Machine Learning Chapter 1 Introduction to Big Data Analytics and Machine Learning

oldestdata analysisIntroduction to Machine Learning

- 1.1 Overview of Big Data Analytics and Machine Learning
- - 1.1.1 Application areas of big data analytics and machine learning
  - 1.1.2 Basic concepts of machine learning
  - 1.1.3 Python's role in data science
- 1.2 Python environment deployment
- - 1.2.1 Python Installation
  - 1.2.2 Pycharm Installation
  - 1.2.3 Jupyter Notebook usage
- 1.3 Summary of Python Basics
- 1.4 Course-related resources

This chapter will first introduce the principles and application areas of Big Data analytics,machine learningand the basic concepts of Python in thedata scienceWe will then explain how to install Python and use the relevant code editors, and finally we will mention how to quickly master the basics of Python.

source code (computing)
/docs/y6cCpQWqXCWvvyy8/ The Python Source Code and Related Benefits (Machine Learning)

1.1 Overview of Big Data Analytics and Machine Learning

When it comes to big data analysis and machine learning, some readers may feel unfamiliar, however, when it comes to AlphaGo, the intelligent robot that has defeated the world's top Go players, I think we all have heard of it.The principle behind AlphaGo is big data analysis, through the machine's non-stop training and learning, and after accumulating a huge amount of data, AlphaGo gradually mastered a large number of Go skills and defeated the top Go players with its high-speed computing power. AlphaGo gradually mastered a large number of Go skills and defeated top Go players with its high-speed computing power. Machine learning is the simulation or implementation of human learning behavior, in order to explore the laws behind the big data, machine learning can be said to some extent is the core of artificial intelligence.

1.1.1 Application areas of big data analytics and machine learning

In addition to the field of Go, big data analytics also has a lot of application space in many other fields. In the information age, we are exposed to huge amount of data every day, and there is a great limitation to find the law in this huge amount of data by human power, while big data analysis by means of machine learning can analyze the data and refine the law in an efficient and fast way.
We briefly introduce the application of big data analytics and machine learning in 8 major fields through a table below, most of which we will explain with examples in the following chapters.

在这里插入图片描述
The above case is just as a demonstration, in the actual application of big data analytics and machine learning there are many application scenarios. Although the application scenarios of different industries are different, but the principle is common, and so after learning the chapter, I believe you will have a clearer perception of these cases.

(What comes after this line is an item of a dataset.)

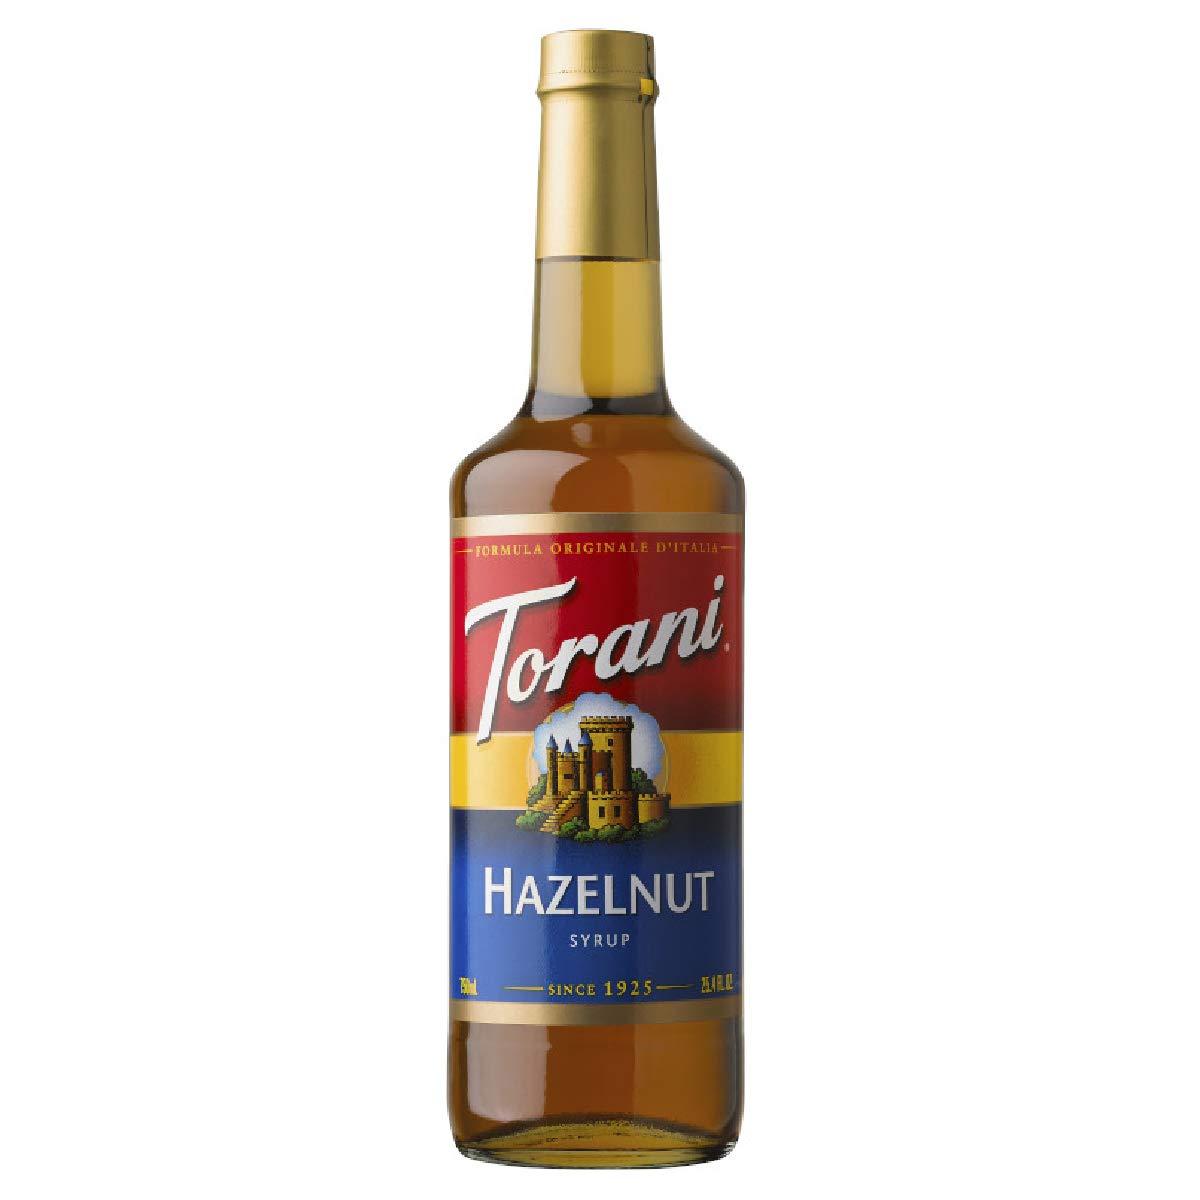 Torani Hazelnut Syrup Max Very popular! 47% OFF 750 ml

1.1.2 Basic concepts of machine learning

Machine learning is a powerful tool for big data analytics. Machine learning is divided into two main categories: supervised learning and unsupervised learning, and the difference between the two lies in the presence or absence of target variables, or predictor variables, in the training data.
Let's use two diagrams to explain the difference between the two, where supervised learning is shown in the figure below, with three feature variables (body size, hair, and characteristics) and one target variable (breed) in the training data, the purpose of this machine learning is to build a model based on the training data to predict the breed of the dog.
在这里插入图片描述
Unsupervised learning is shown in the figure below, the main difference between it and supervised learning is that: it only has feature variables in the training data, but not the target variable (breed), so it is not the purpose of machine learning to predict the breeds, as an example of the clustering model in Chapter 13, it can be based on these characteristics of the training data of the dog for categorization, such as class A dog, class B dog, class C dog, then for a new sample can then be based on its features to determine which classification it belongs to.
在这里插入图片描述
Subdivided further, supervised learning is mainly divided into regression and classification problems.

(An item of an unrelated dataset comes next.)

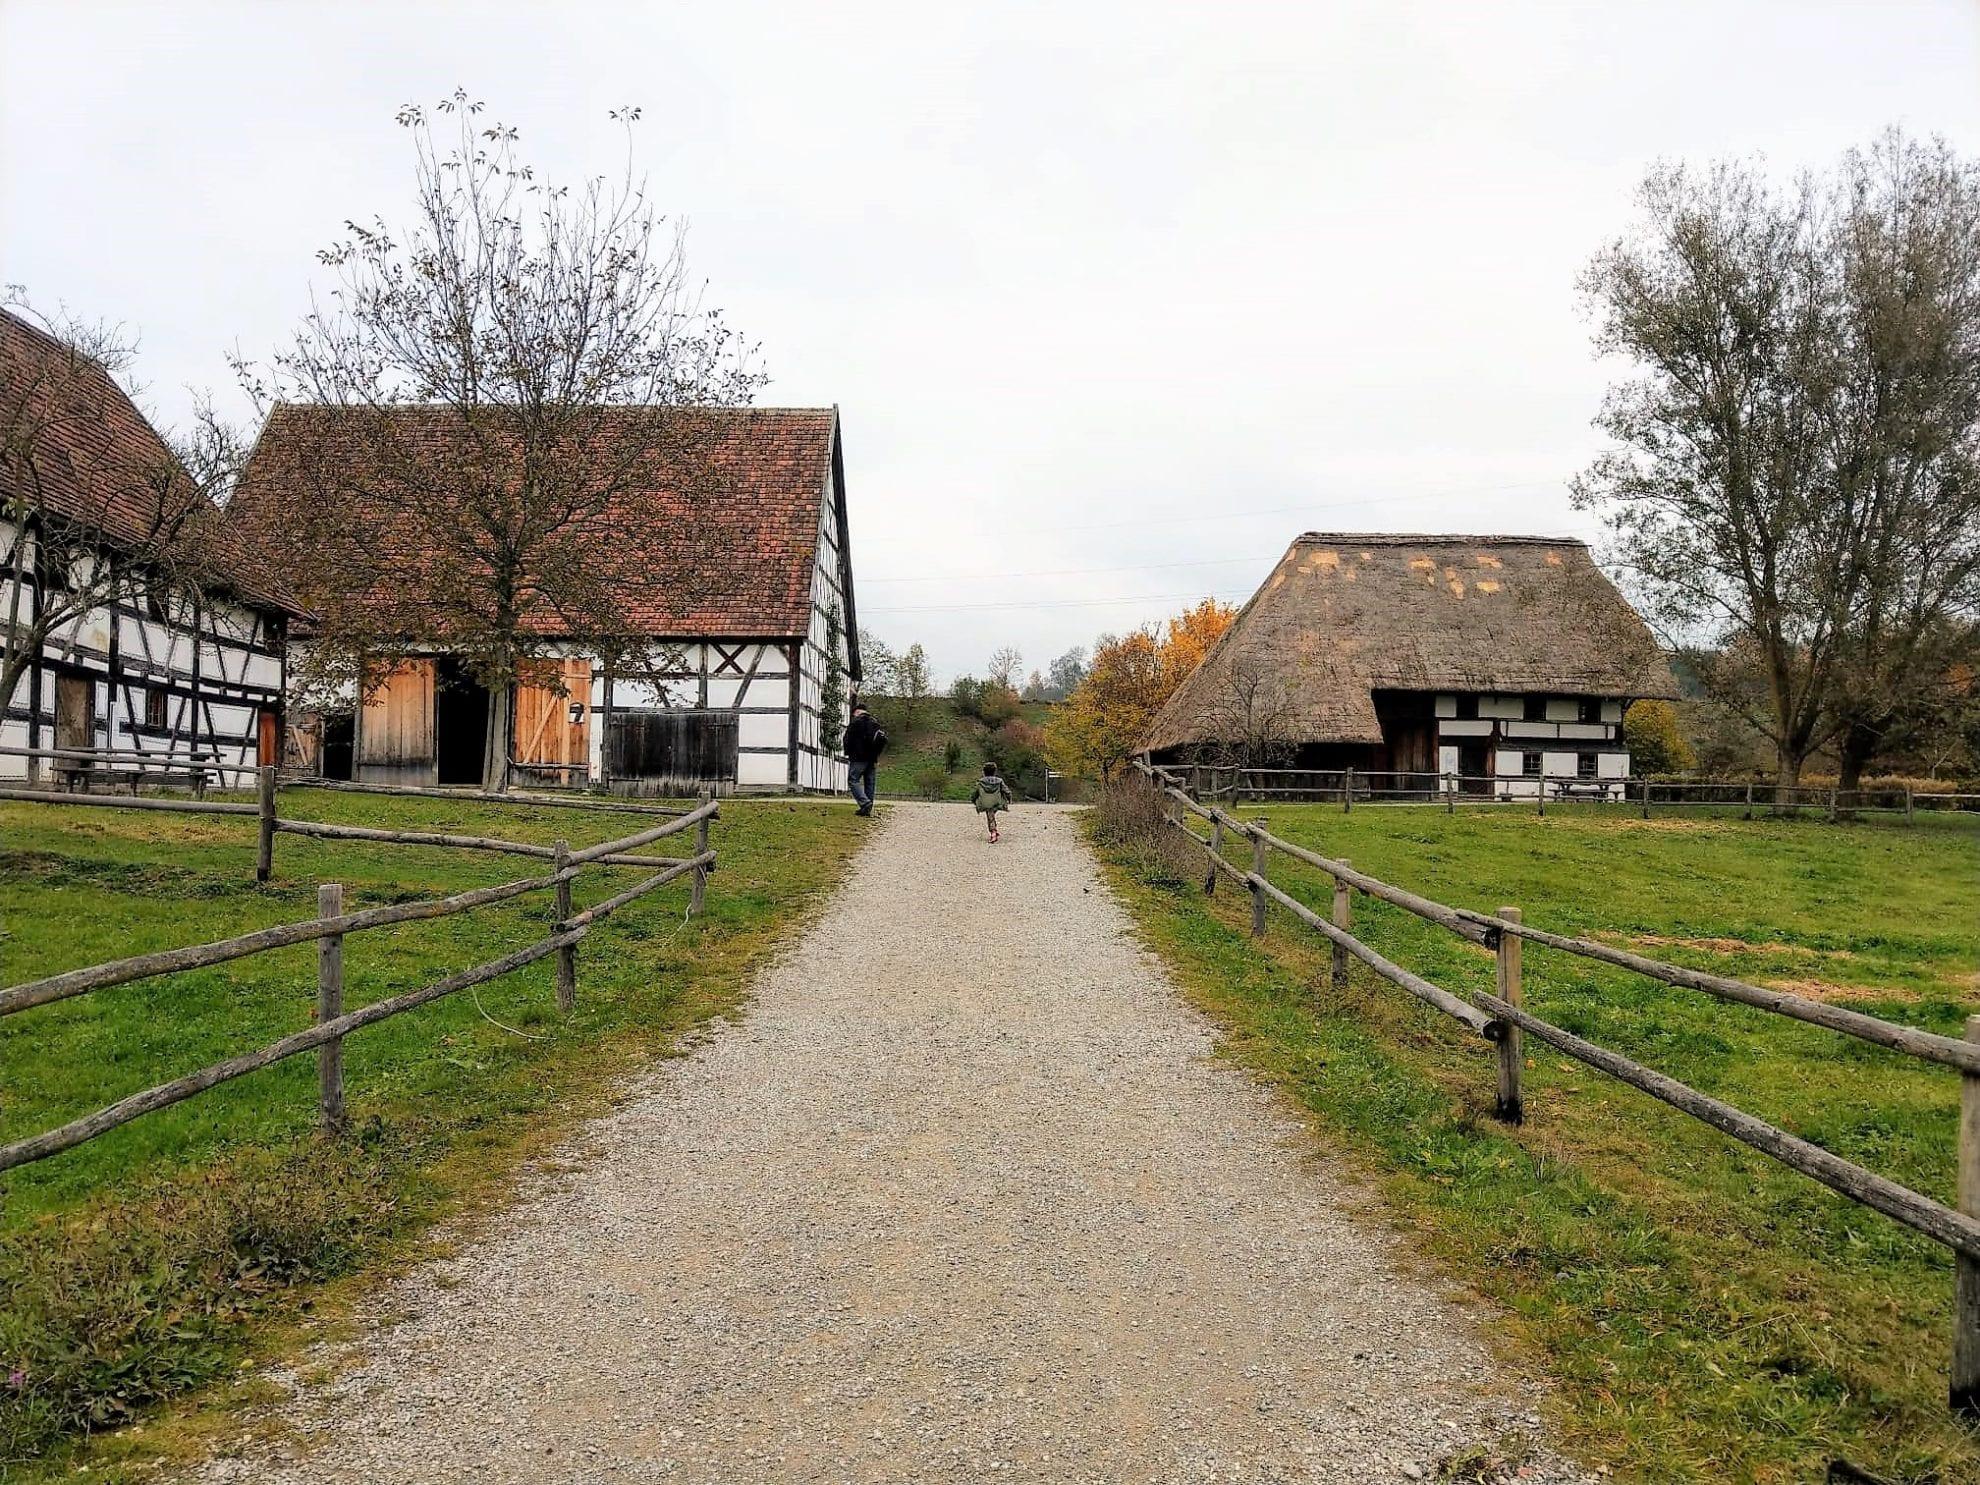 Bauernhofmuseum Illerbeuren, Museum, Ausflug, Familienausflug, Ausflugstipp

And unsupervised learning is mainly divided into data clustering and clustering (Clustering) and data dimensionality reduction (Dimension Reduction):

From the perspective of machine learning models can be categorized into different algorithmic models in the following table, these different models will be explained in detail in the subsequent chapters, and each chapter will consolidate the learning of the model through the specific real-world cases mentioned in the previous subsection, so that you know the principles of the model and its real-world applications.
在这里插入图片描述

1.1.3 Python's role in data science

There are many tools used to do data analysis, such as the classicMatlabWith R language, as well as the current very hot Python. the reason why Python can now become the main tool for big data analysis, one of the main reasons is that there are a lot of other people have been written in Python data analysis and machine learning toolkit (academically called "library"), such as numpy library. pandas library, Scikit-learn library (referred to as sklearn library) and other toolkits, these libraries encapsulate a lot of other people have already written good data analysis and machine learning tools (academic called "library"), pandas library, Scikit-learn library (referred to as sklearn library) and other toolkits, these libraries encapsulate a lot of other people have already written a good algorithmic model, we just need to take it directly to call. It is these toolkits to facilitate the analysis of data without the need to focus on the mathematical expression of the programming construction.
After understanding the power of Python, the following will explain how to install Python and the relatedcode editorThe method of use.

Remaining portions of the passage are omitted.